To investigate whether any transcript includes exons 1 and 2, we performed a RT-PCR using the NKG5 sense B (primer 2) and an antisense primer in exon 2 (primer 6). By this approach two novel short transcripts (ST) were found in LAK cells and in all subsets (Fig. 2A, arrows p38, p25). Sequence analysis revealed ST p25 to comprise exon 1 and exon 2 (see Fig. 1) and ST p38, comprised of p25 plus the whole intron 1, as published by Manning et al. . None of the ST extended to exon 3 (data not shown). Since both ST contain a Kozak consensus translation initiation site, they could be translated into peptides with a length of 25 and 38 amino acids, respectively. The middle band that appears on the agarose gel (Fig. 2A) is the hybridization product of the two ST, with loop formation within intron 1. This was proven by 15 repeated denaturation and annealing steps of the extracted middle band resulting again in 3 bands (data not shown).
Semi-quantitative analysis of the PCR products revealed that in the total population of LAK cells, the NKG5 message increased only slightly by a factor of 1.5 from day 0 to day 15 (p = 0.019), while the two variants of 519 increased by a factor 8.8 (519i; p = 0.002) and 4.4 (519is; p = 0.007), respectively (Fig. 2B).
The ST did not show an apparent IL-2 dependency. Since each donor exhibited a different regulation pattern, a clear tendency for up- or down regulation in response to IL-2 could not be determined (Fig. 2B).
Next, we examined the expression of the various longer transcripts in T cell subsets. Using magnetic beads, CD4+, CD8+ and CD56+ cells were isolated at days 4 and 15 of continuous IL-2 stimulation and RT-PCR analysis was performed. As shown in Figure 2C the highest expressed transcript in all subsets at day 4 is NKG5, while the 519 isoforms are poorly expressed, especially in CD4+ cells. During continuous IL-2 stimulation all transcripts analyzed were at least slightly upregulated in the different cell subsets in all donors tested (Fig. 2C, one representative donor shown).
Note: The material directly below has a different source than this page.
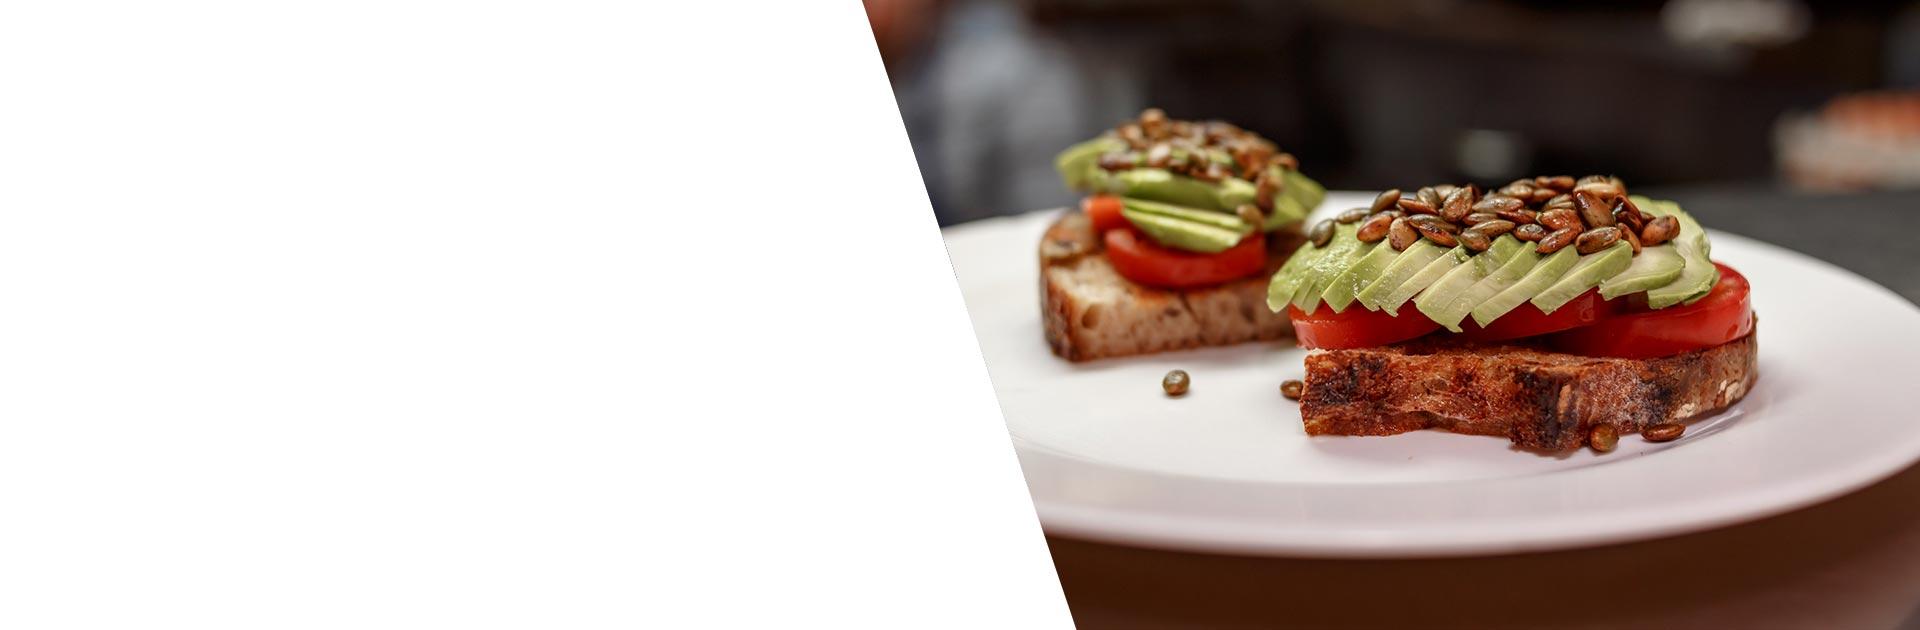 Ananda Fuara Vegetarian Restaurant San Francisco Ananda Fuara Vegetarian Restaurant San Francisco Avocado Toast

Short transcripts were also detected in all subsets at days 4 and 15, but their kinetics of expression were not evaluated (data not shown).
Transcriptional regulation of granulysin in antigen specific T-cells
Host defense mechanisms against intracellular microbes require induction of effector molecules such as granulysin during infection. Therefore, we investigated if granulysin gene expression is induced upon antigen driven stimulation of T cells and if so which of the different granulysin transcripts might be involved. L. innocua and L. monocytogenes were used as antigens in mixed leukocyte culture. The expression of granulysin transcripts was investigated in antigen specific T-cells from autologous MLCs by RT-PCR. The identical mRNAs found in LAK cells were detected in the T-cells stimulated with L. innocua or L. monocytogenes, including the ST (data not shown). Semi-quantitative analysis of the transcripts (Fig. 3) revealed that NKG5 mRNA showed the highest basal expression at day 0 and was upregulated between days 0 and 12 by an average factor of 1.7 (L. innocua, x1.68, p = 0.02; L. monocytogenes, x1.7, p = 0.002). Both 519 isoforms showed a more prominent increase between day 0 and day 12 of stimulation by an average factor of 3.8 (519i) and 2.7 (519is), respectively (L. innocua, x4 519i, p = 0.004 and x2.7 519is p = 0.006; L monocytogenes, x3.6 519i, p = 0.0004 and x2.8 for 519is p = 0.01). In L. innocua specific T cells 519 isoforms were continuously increasing during the whole period of antigen stimulation in contrast to L. monocytogenes specific T cells where the increase was rapid in the first weak of stimulation but remained unchanged during the second weak. Semi-quantitative analysis of short transcripts did not allow us to see any tendency for up- or down-regulation under bacterial stimulation. OVA specific T cells maintained basal expression levels of NKG5 mRNA during the stimulation period, with no upregulation. The two 519 isoforms remained at very low levels of expression over the whole period of stimulation. Short transcripts showed a slight increase, which was statistically significant (p25, p = 0.039; p38, P = 0.029). None of the transcripts were upregulated in T cells where MOCK treated DCs were used in MLC.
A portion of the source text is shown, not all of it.